5 R.I. 24 | R.I. | 1857
We are quite content with Blackstone's rule, that a motion for a new trial, on the ground of a verdict against the evidence, ought not to be granted "where the scales of evidence hang nearly equal; that which leans against the former verdict ought alwaysvery strongly to preponderate." 3 Black. Com. 332. Upon a careful review of the evidence in this cause, we cannot say that, taken all together, it very strongly preponderates to prove the issue, that there was a way through the Johnson farm appurtenant to the Damon farm. The way was claimed to be proved only by user; and the defendant's title not being twenty years old, he was obliged to tack to his own user that of Arthur Damon, his immediate predecessor in the title. Unfortunately for his claim, Arthur Damon, though he used the way, swears that he never claimed any right to do so, but should have yielded his use to any objection on the part of the owners of the plaintiff's farm. If we go back of Arthur Damon, upon the *26 ground that he might, though ignorant of its existence, transmit from his predecessors to his successor in the title, the right now claimed by the defendant, we find no very strongly preponderating evidence to prove the issue made. The evidence tended to prove rather, that in that region, and in early days, every one went everywhere, and so along the path in question, whenever he pleased, and without objection, rather than that the owners of the Damon farm used the path, claiming the right to use it as appurtenant to that farm. We cannot say that the jury might not fairly conclude upon the proof, as well, that by neighborlysufferance the owners of the Damon farm used this way, as any of the other ways through adjoining farms once used by them, and to which no claim of right to use is now made. The proof was fully discussed before the jury, and fairly left to them. Looking at the matter in issue, I should not have been dissatisfied with a verdict either way; and, as well from the state of my own mind when presiding at the trial, as from the fact that juries have twice failed to agree in this cause, and have once brought in a verdict for the plaintiff and once for the defendant, am led to conclude, that the defendant, upon whom was the burden of proof, failed to make out his case in matter of fact, as clearly as he should do, to entitle him, or at all events to disentitle the plaintiff, to a verdict.

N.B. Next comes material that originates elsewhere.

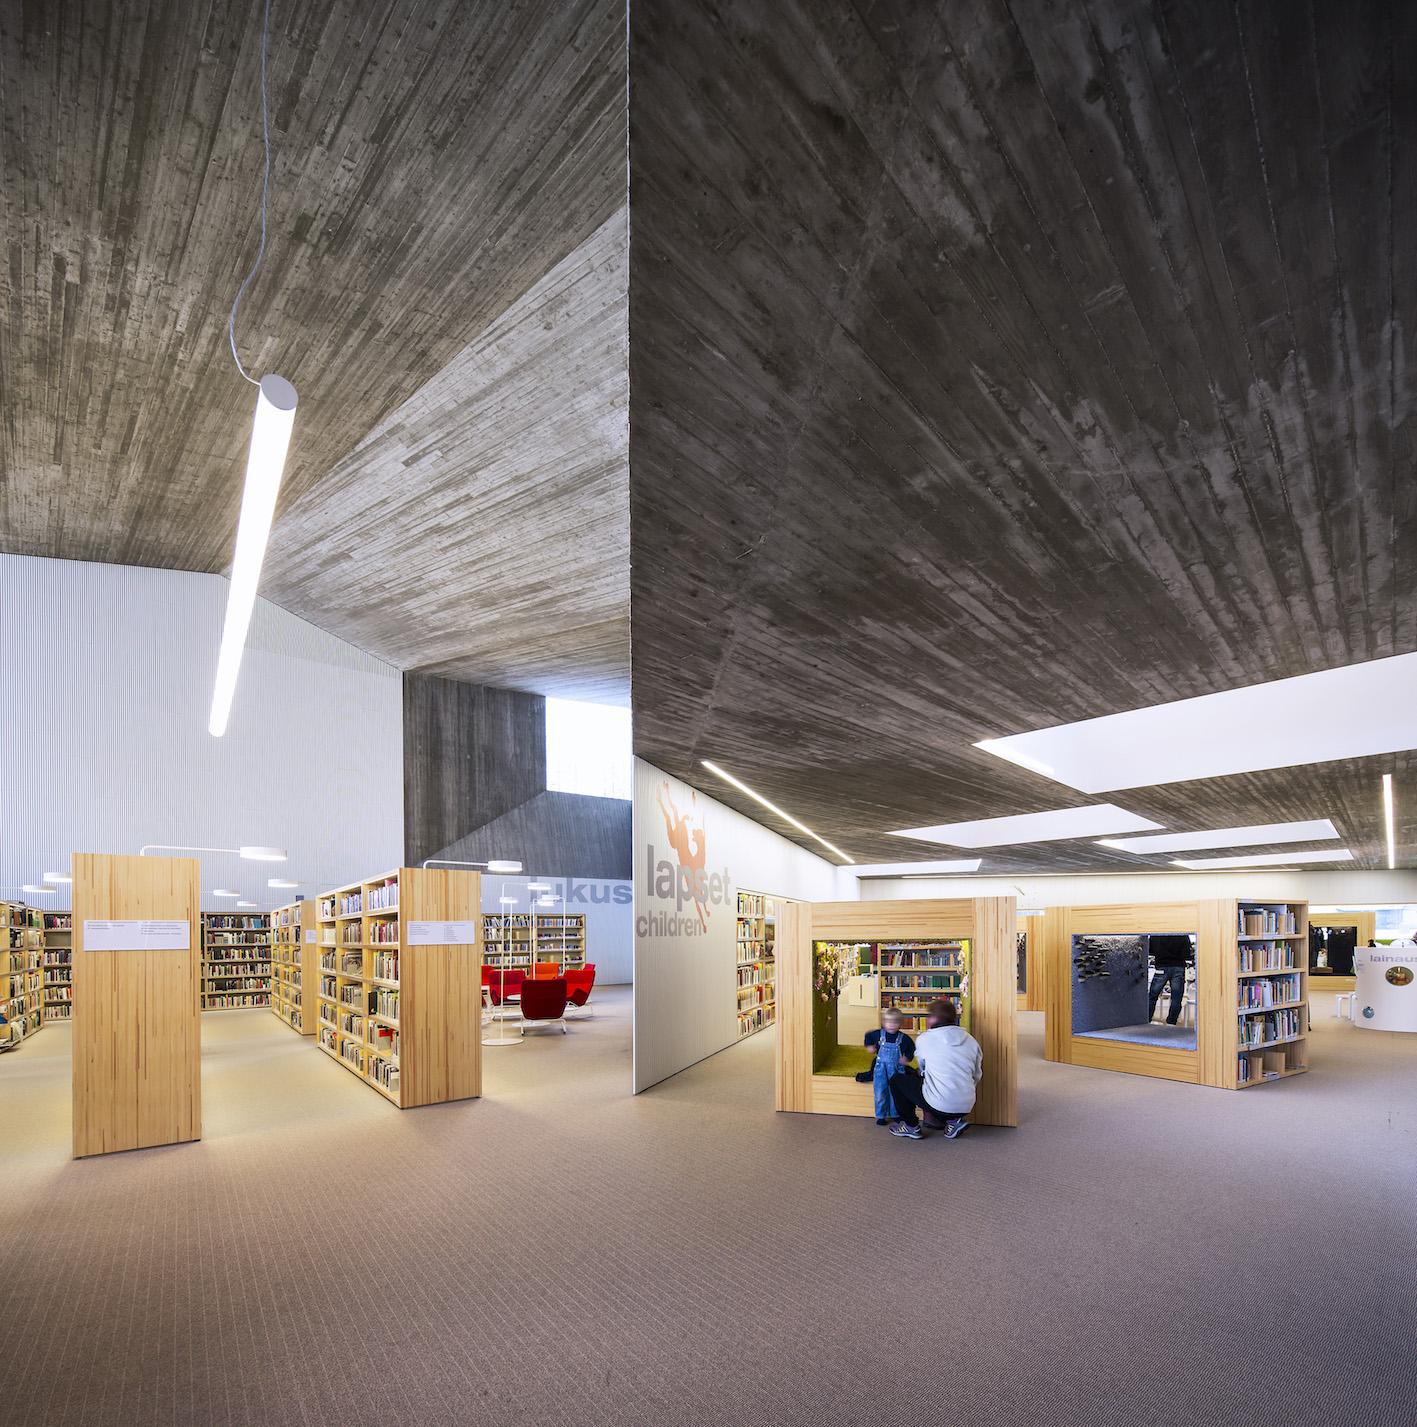 Project team for the Swiss Pavilion at the 2018 Venice Architecture Biennale, 1 December 2017. Left to right, Ani Vihervaara, Alessandro Bosshard, Li Tavor and Matthew van der Ploeg. Photo by Christian Beutler KEY

The other ground for a new trial, to wit, the discovery of new and further testimony, is not supported. The testimony is not "new and further," but cumulative merely; nor has it beendiscovered since the trial, in any proper sense of that term. The defendant, now permitted by law to be a witness, merely swears that he recollects something which he did not recollect, when on the witness-stand. Recollection is not discovery. The former deals with the known, the latter with the unknown; and if the forgetfulness of a witness, and especially of a party-witness, were to afford a ground for new trial, it would be quite too convenient and tempting in many ways, to be consistent with the purposes of justice.